Earlier this year, the US economy grew faster than previously thought.
Gross domestic product (adjusted for inflation) expanded at an annual rate of 2% in the first three months of the year, according to the Commerce Department. said on thursday. This is a significant upward revision from the 1.1% growth rate announced in April. (An earlier revision, published last month, indicated a slightly higher rate of 1.3%.)
A proxy measure of growth based on income rather than production painted a different picture, showing that the economy contracted for two straight quarters. This indicator has also been revised upward from the previous forecast.
The report highlighted the remarkable resilience of the country’s economic recovery despite high inflation, rapid interest rate rises, and relentless forecasts of a recession by many Wall Street forecasters.
Gregory Daco, chief economist at consulting firm EY, formerly known as Ernst & Young, said in a note to clients that the new data caused “genuine optimism.” “This has led many to question whether the long-predicted recession is really inevitable.”
Consumers are driving the recovery through spending, with a 4.2% increase in the first quarter, up from 1% in late 2022 and a faster pace than the 3.7% originally reported in April. . The spending, supported by a strong job market and rising wages, helped offset declines in other sectors of the economy such as business investment and housing.

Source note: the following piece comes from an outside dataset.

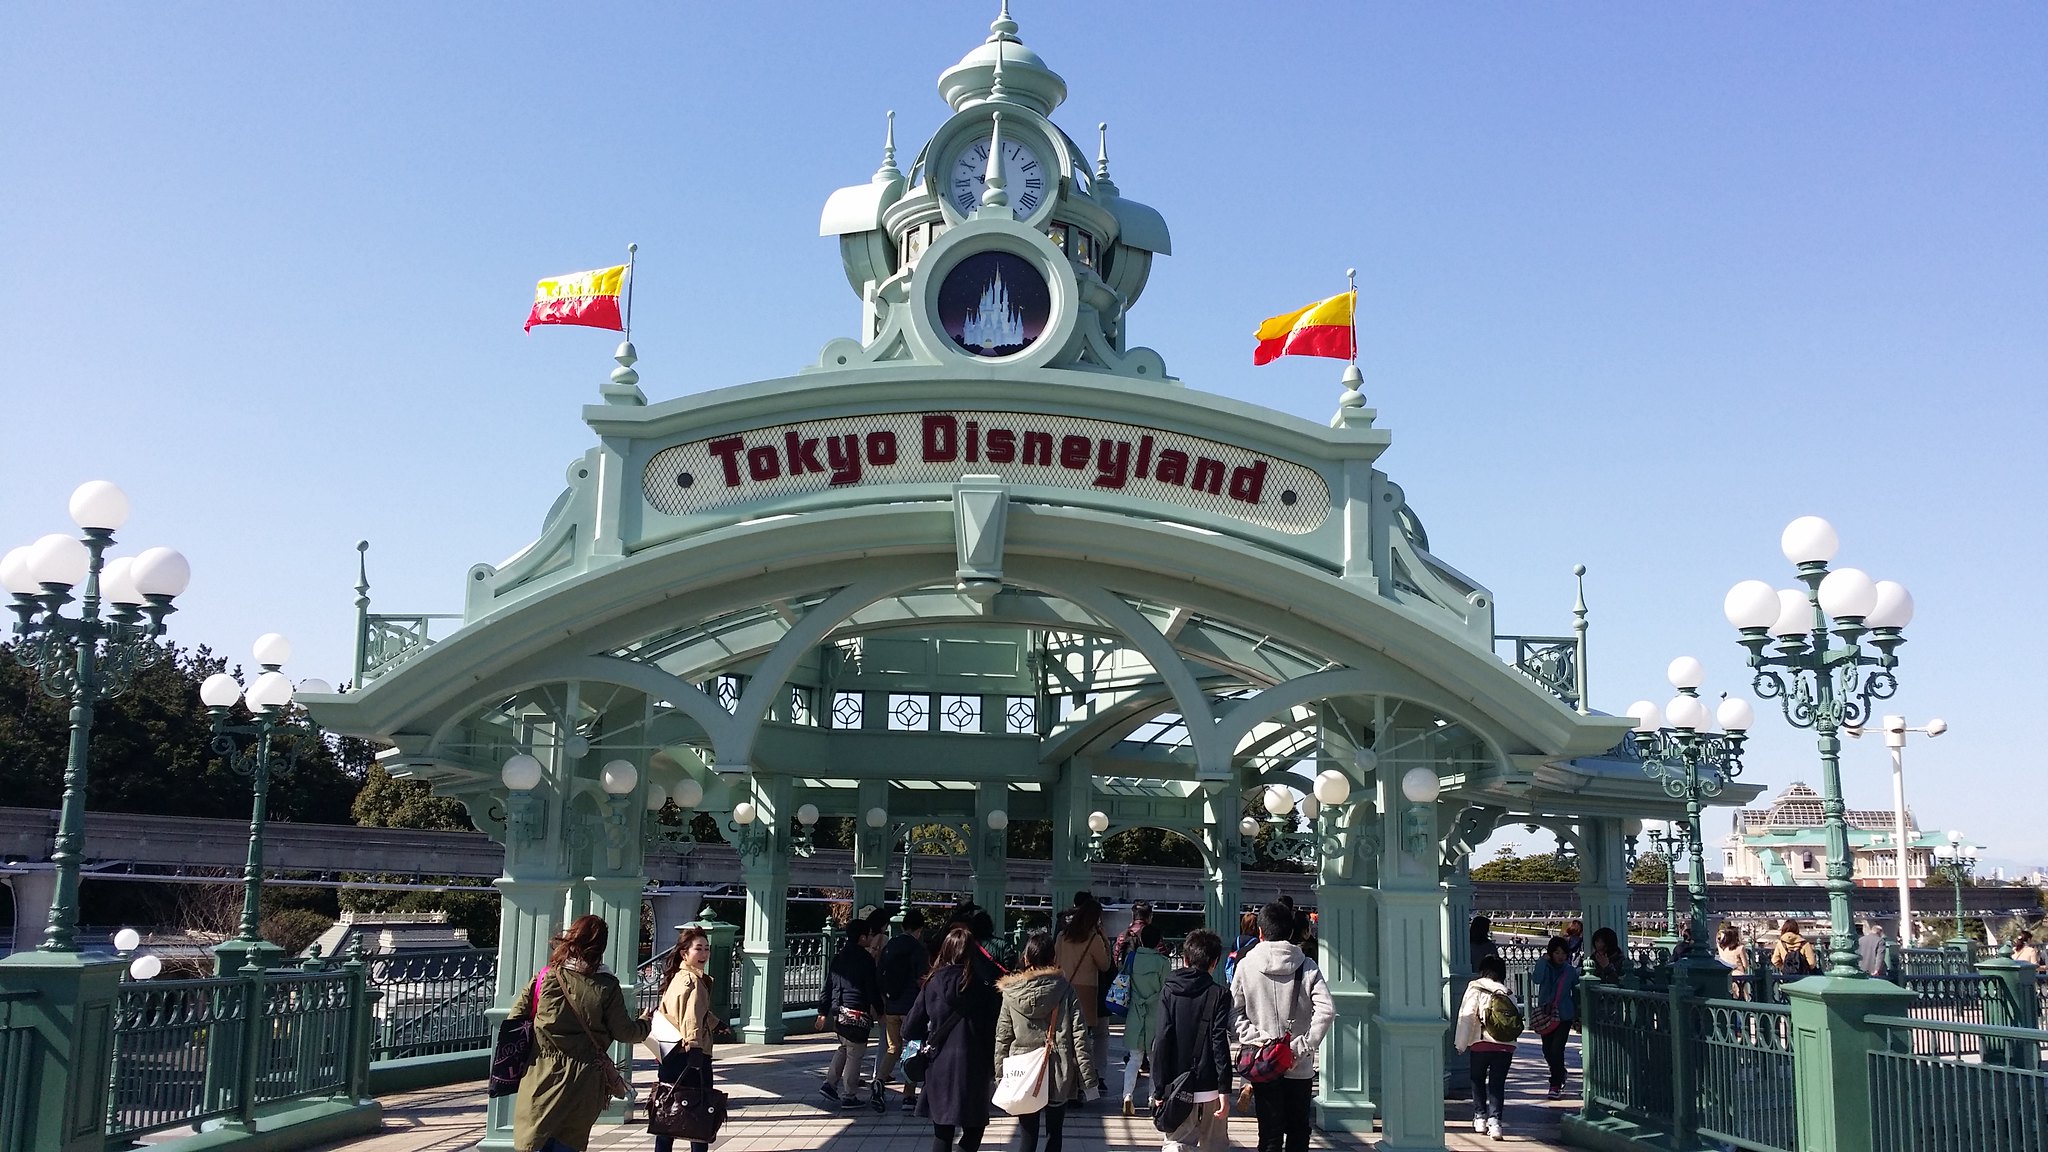 Disneyland à Tokyo

What It Means: Complexity for the Fed.
The continued strength of the consumer economy poses a challenge to policymakers at the Federal Reserve, which has raised interest rates to curb inflation without triggering a recession.
On the one hand, the first quarter data show some signs of success. Economic growth has slowed, but not stalled, despite a significant drop in inflation since mid-last year.
But many forecasters, both inside and outside central banks, are skeptical that inflation will continue to moderate as long as consumers are willing to open their wallets, suggesting policymakers will take further steps to curb growth. It means that there is a high possibility of taking Fed officials held rates unchanged at a meeting this month for the first time in more than a year, but signaled they were likely to resume raising rates in July.
Fed Chairman Jerome H. Powell said at a meeting in Madrid on Thursday that inflation has repeatedly betrayed expectations of a slowdown.
“We’ve all seen time and time again that inflation has been shown to be more persistent and stronger than expected,” he said.
What’s next: Data about income and expenses.
Powell and others will get more up-to-date evidence on their progress with the Commerce Department’s release of data on personal income, spending and inflation from May on Friday.
Gina Smirek Contributed to the report.